When Marjane Satrapi died a few weeks ago, I was asked to give an interview about it. I should point out that I didn't know her at all: I guess I was approached for comment because I was known to have done some cultural work involving women in Western Asia. The interview consisted of the journalist sending me written questions, to which I wrote my replies. The published version was made to look like there had been a conversation - a few snippets were quoted. There were comments that suggested I was saying Marjane supported the oppression of women in Iran, when nothing could be further from the truth! So I thought I would like to publish the full piece here.
What was the impact of Marjane Satrapi’s work?
When Persepolis came out, almost a quarter of a century ago now, it was a revelation. In its stark, clear imagery, its direct language and its alternation between episodes of comedy and pathos, this graphic auto-fiction found a completely new way to bring a global readership into direct relationship with this warm, wry and penetratingly intelligent Iranian woman. That overturned a lot of lazy, stereotypical, prejudiced thinking. Europeans and Americans like to construct the woman as victim, and the institutional oppression of women under regimes like the Taliban, Daesh and the Islamic Republic can easily compound that, leading to people talking about Islam as inherently sexist (which it is not), and about Western Asia as a “backward” or “barbaric” place, about people “living in the Middle Ages”. When you hear the voices of women who have lived under those regimes, and recognise their profound commitment to their people, their cultures and their sisters, the sheer depth of their humanity, the articulacy with which they express their ideas - then you start to understand that they are not being oppressed by anything culturally inherent in their societies, but by yet another right-wing patriarchal power grab.
President Macron said that Marjane Satrapi “turned an Iranian childhood into a universal tale”. On one level that seems nonsensical: her storytelling was very specifically rooted in a set of historical circumstances. But on another level he was kind of right: what she managed to do was to open up the Iranian context so that people who hadn’t experienced it could relate to it emotionally. On a human level.
Why is her loss a tragedy for Iran?
She was way too young to pass away. Only 56. And, as her family said, she died of sadness. Someone who had dealt with sorrow throughout her life had found love and happiness, and when the person she loved passed on, that was more than she could bear. That’s not only a tragedy for just one nation - it’s the tragic nature of humanity exemplified by one of its most beautiful, feeling voices.
Iran is dealing with tragedy on many levels at the moment. The regime that Marjane Satrapi so strongly opposed is still very much in place, and the illegal invasion by Israel and the United States is causing great suffering to the Iranian people. I find it astonishing that even after the Syrian refugee crisis, even after the Gaza genocide, there is still an over-riding narrative that the US and Israel are the good guys, and that they are closer to “us” in terms of values like democracy and freedom. Marjane Satrapi was one of the very rare people who had a platform from which to debunk that. One thing she said in an interview which really resonates with me was when she was asked for a message to the American people, and she emphasised that we should not mentally be dividing the world into countries, into cultures, into East and West. “The difference between you and your government is much bigger than the difference between you and me. And the difference between me and my government is much bigger than the difference between me and you. And our governments are very much the same.” The current moment is only showing us how true that is.

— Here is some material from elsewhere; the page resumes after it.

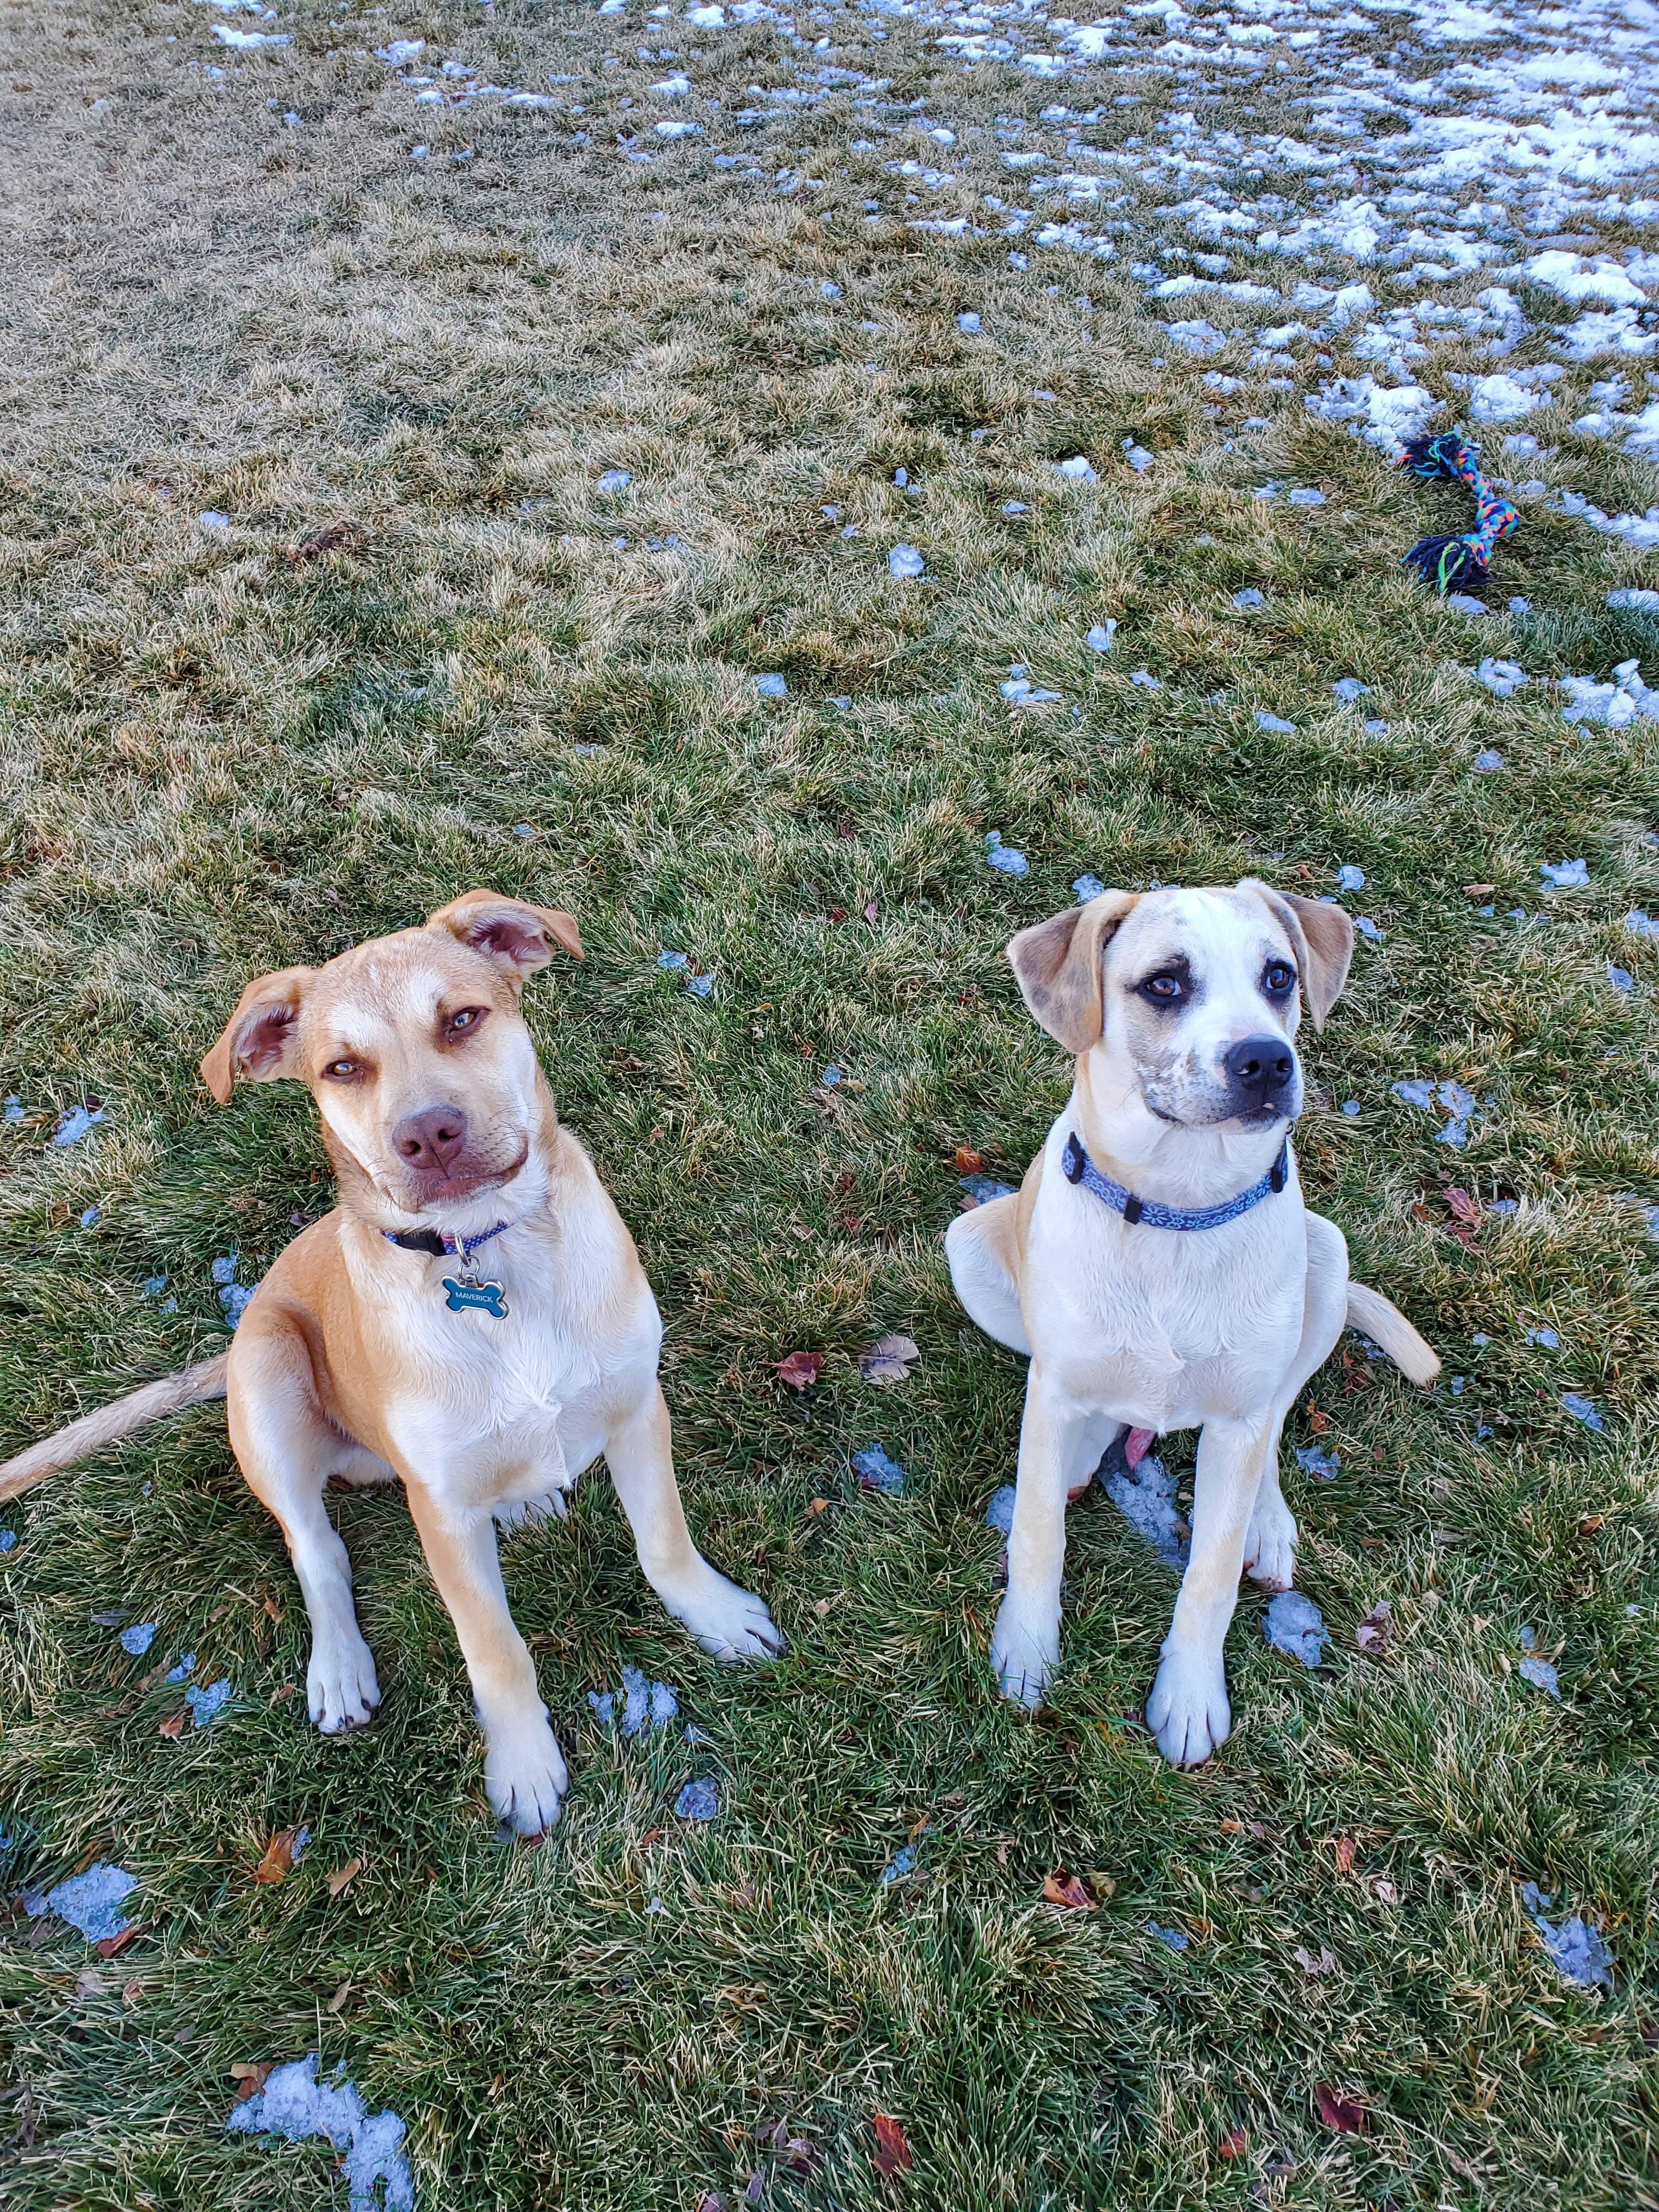 cj-affiliate-2021-pets-tucker-gitlin-maverick-and-goose

What is her legacy and what were her hopes for her country?
Her legacy is her life - not just as it was lived but as it was articulated, as it was drawn, dramatised and communicated. The way she moulded her life into a beautiful offering for the world. And through that, I hope she leaves a legacy of understanding. I hope people will revisit her writing and drawing and film-making now that she has left us, and feel close to her through what she has expressed. That way we can come closer to other Iranians too.

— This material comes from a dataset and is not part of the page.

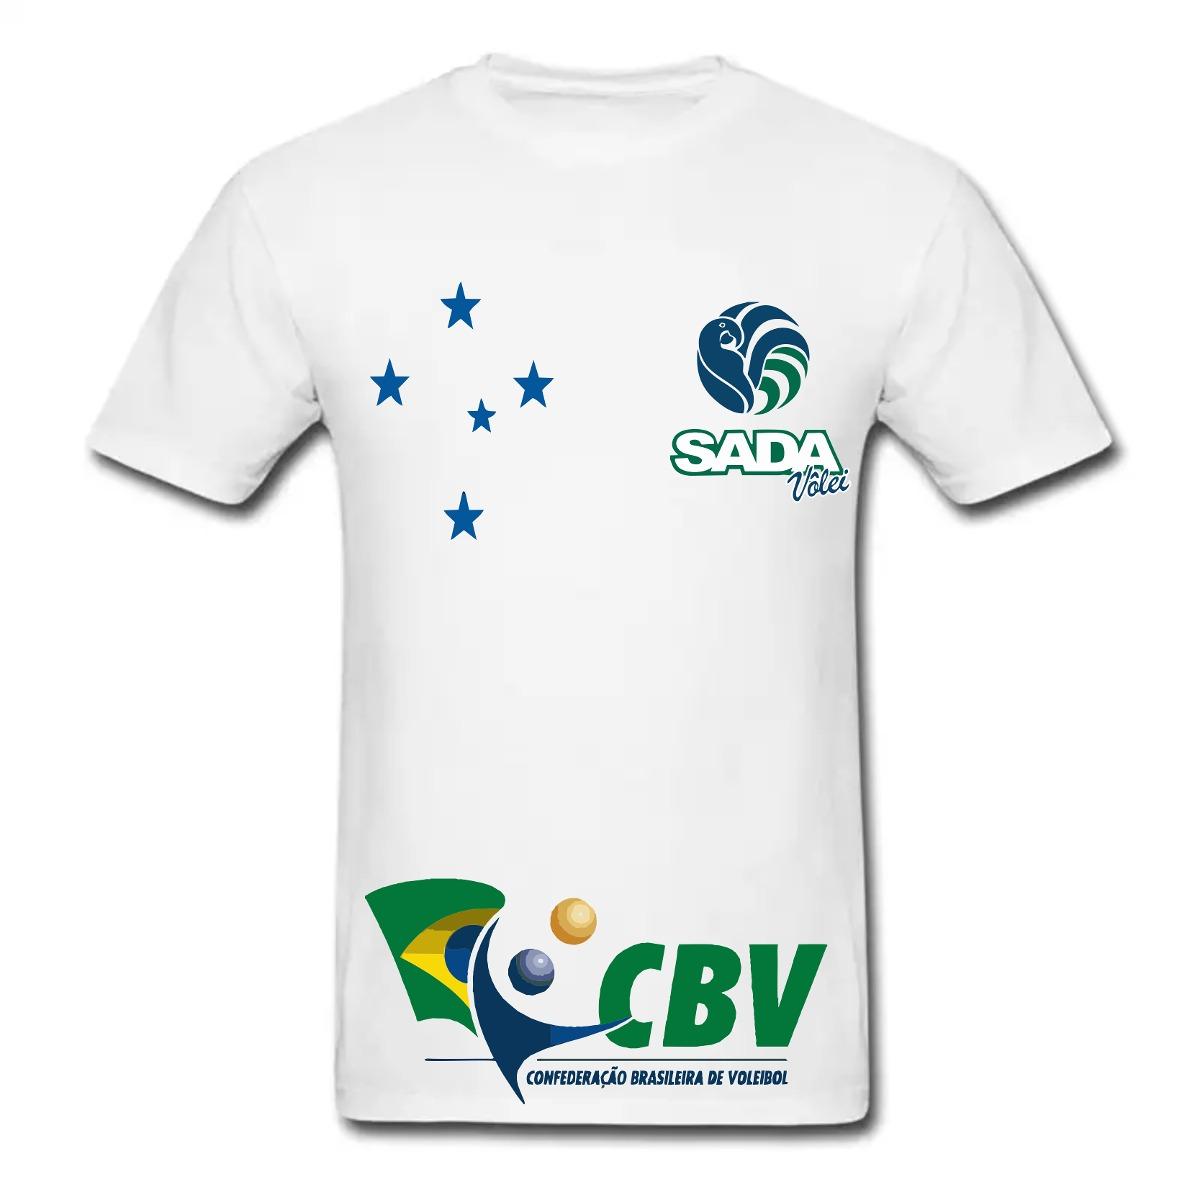 54e5423344d32 Camiseta De Volei

In terms of her hopes for her country - I think the phrase “Woman, Life, Freedom” encapsulates it pretty well. It’s striking that this phrase works so well in English - look at how “woman” and “freedom” half rhyme, echoing one another so that “life” cuts harshly through the centre with that intense individual “I”, like “knife” and “strife”. Last year I was working on a new play with another brilliant female Iranian artist, Sanam Naderi, who lives in Italy. I asked her to improvise a speech at a political rally, and she did most of it in a fearsome Persian, before suddenly switching to English and declaiming “Woman, Life, Freedom”. So this phrase is consciously addressed to a global audience, in the same way that the theatre of apartheid South Africa or the Civil Rights movement deliberately sought out international spaces. The Iranian regime won’t change because of the current illegal aggression, and it’s unlikely to change positively through a further revolution on the ground. What’s needed is a longer-term cultural shift, rooted in a public discourse, and that requires international dialogue. That’s something only the artists and the storytellers can do.